Надо сказать, артисты Константина Райкина не изменяют себе – и запускают в спектакль «хулиганское лицедейство». Мелкие бесы, все эти медсестры и медбратья, играют не только в хоррор. Уже как пациенты (псих)лечебницы, откуда не выписывают, они могут и пантомиму разыграть, не хуже цирковых артистов, – попрыскаться из пульверизаторов и голову освежить (себе, а заодно и зрителям). Пафос сбить, внести разрядку. А могут и потустороннюю красоту запустить в зал: после антракта все замирают оттого, что над головами летают то ли безутешные, не принятые небом души, то ли духи, которыми «дирижирует» Мефистофель – уже весь в белом (претензии падшего ангела на роль демиурга дают о себе знать, но это только шоу, рассчитанное на вау-эффект).

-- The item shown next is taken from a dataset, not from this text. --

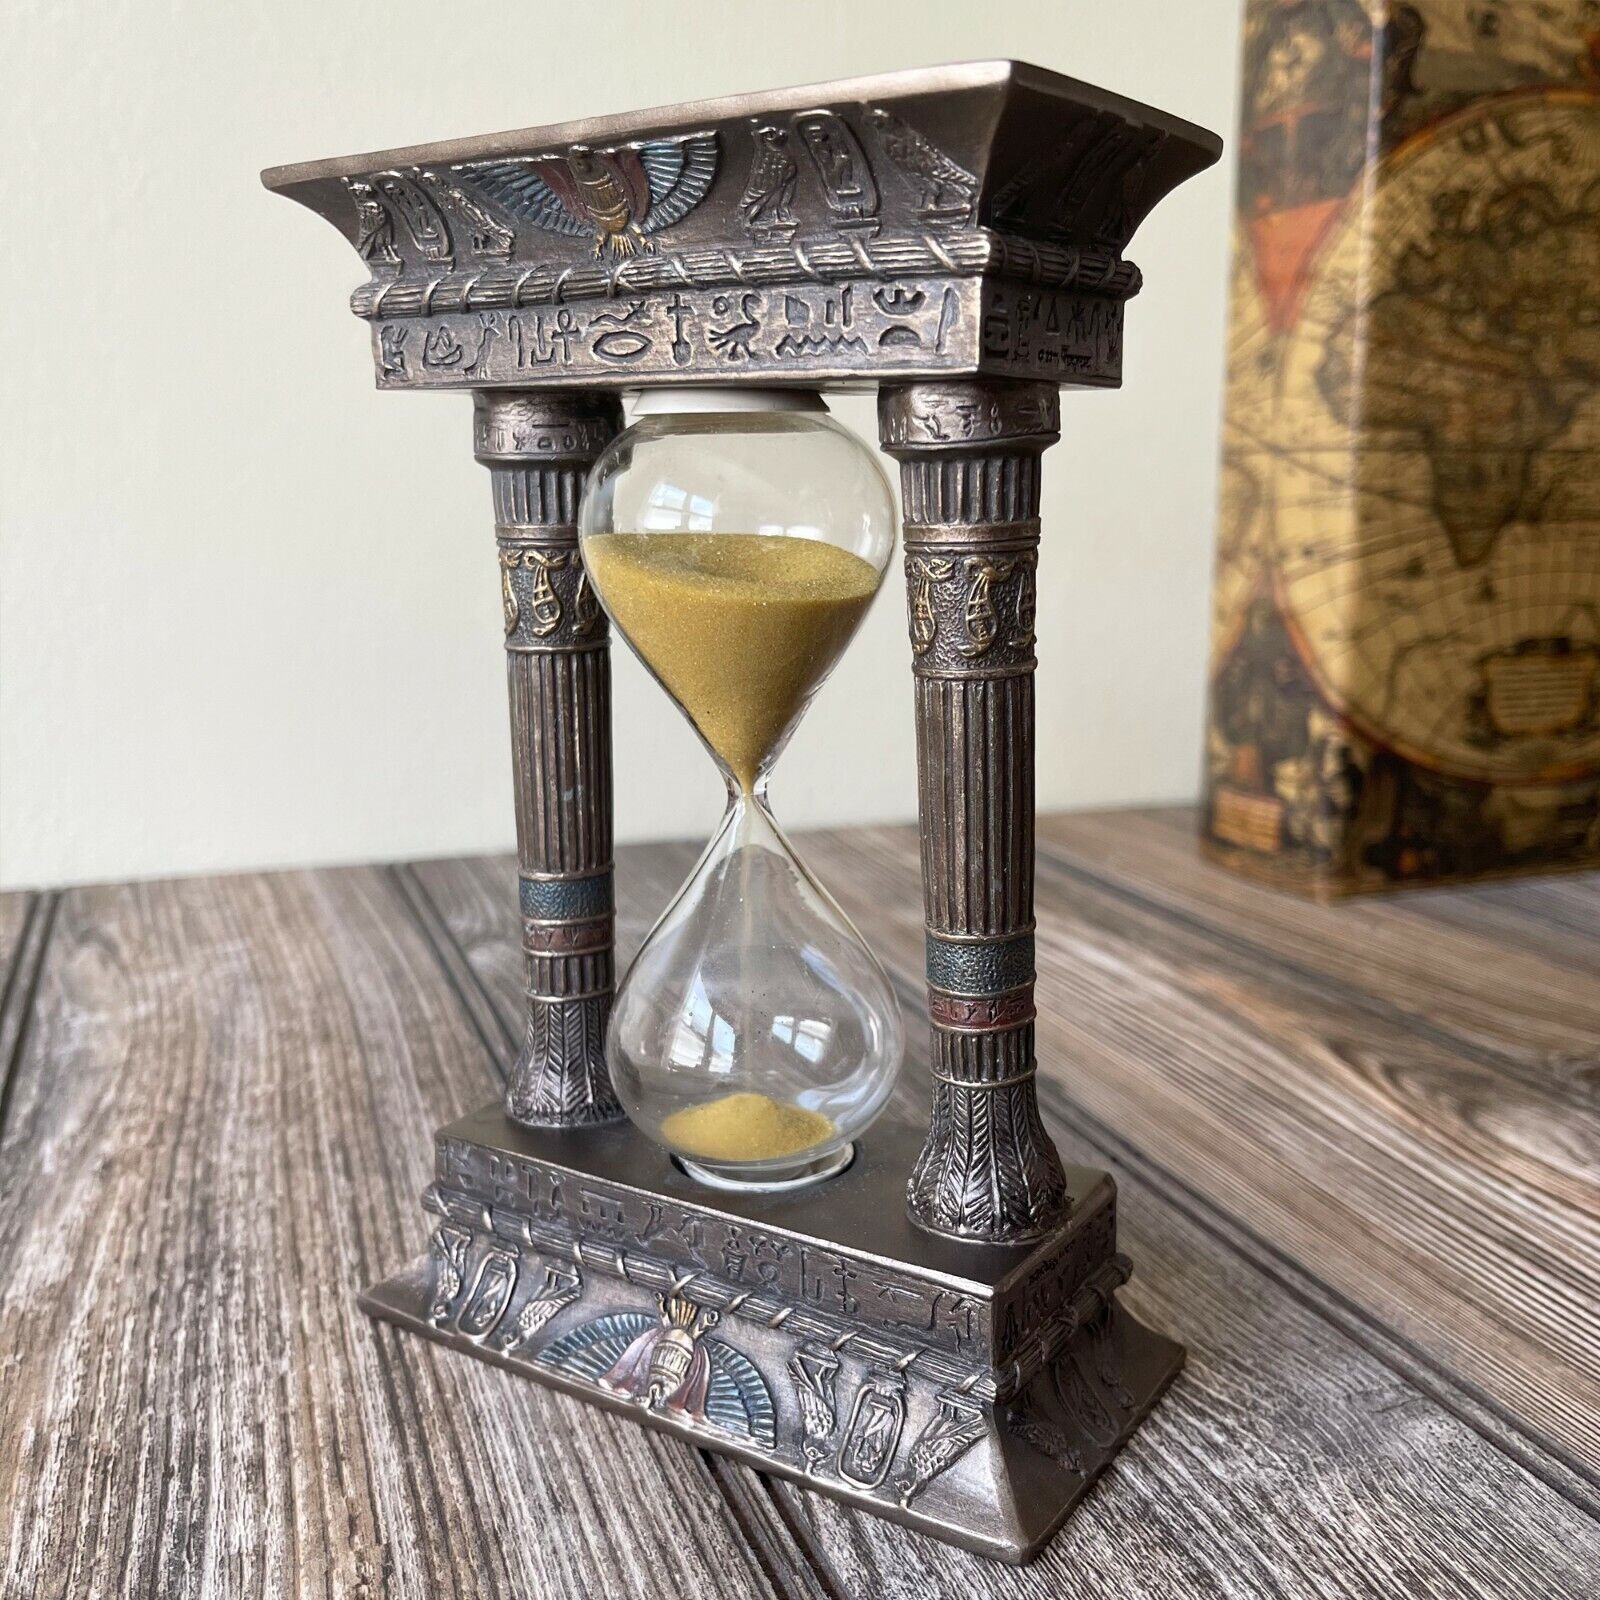 Handmade Egyptian Gateway Gold Cold Cast Bronze Sand Hourglass Timer Décor Gift

Философия шедевра Гёте и здесь, к сожалению, уходит в тень, терпеливо ждет, когда же «тестирование» человеческой природы выведет на обобщения… Но спектакль продолжает держаться за Гретхен. Сцена её спасения – вопреки всему – еще одна несомненная удача спектакля. Здесь работает и точная рифма – ключи от тюремной камеры она раз за разом отбрасывает, как платок на первой встрече с Фаустом; и интонация невидимого Бога (голос Константина Райкина), который как будто сам от себя не ожидал решения снять всю тяжесть грехов с этой души, упавшей так низко – и вознесшейся так высоко. Не ожидал такой безропотности, не человеческой – ангельской, по сути. Абсолютной.
«Прозрение Мефистофеля»
Фауст к финалу спектакля, и своей жизни, превращается в памятник самому себе, в гипсовую статую великого реформатора, одержимого идеей всеобщего счастья, идеального социального устройства. Проект, невозможный без человеческих жертв. Двое старичков не соглашаются на переезд, мешают «генплану» – и домик их горит… Но это испытание – не менее значимое, чем пожар в крови – дается скороговоркой, впроброс. Так что не знакомые с текстом Гёте (или его подзабывшие) вряд ли поймут, в чем суть, почему же Фауст опять ослеп…
Прозрение здесь дано Мефистофелю, духу отрицания, по сути, второй, темной стороне Фауста: под конец он выползает на сцену с голыми, колом вставшими лопатками – и окровавленными следами от выпавших крыльев. Поверженный, проигравший вчистую. От самоуверенности «конферансье» в черном кожаном плаще не остается и следа.
На уходящих к слепящему божественному свету Гретхен и Фауста он смотрит так, что очевидно: способности Гретхен всё понять, принять и всё простить он сдался, по-человечески прижавшись щекой к её ладони, – и итог эксперимента с человеческой душой понял предельно точно.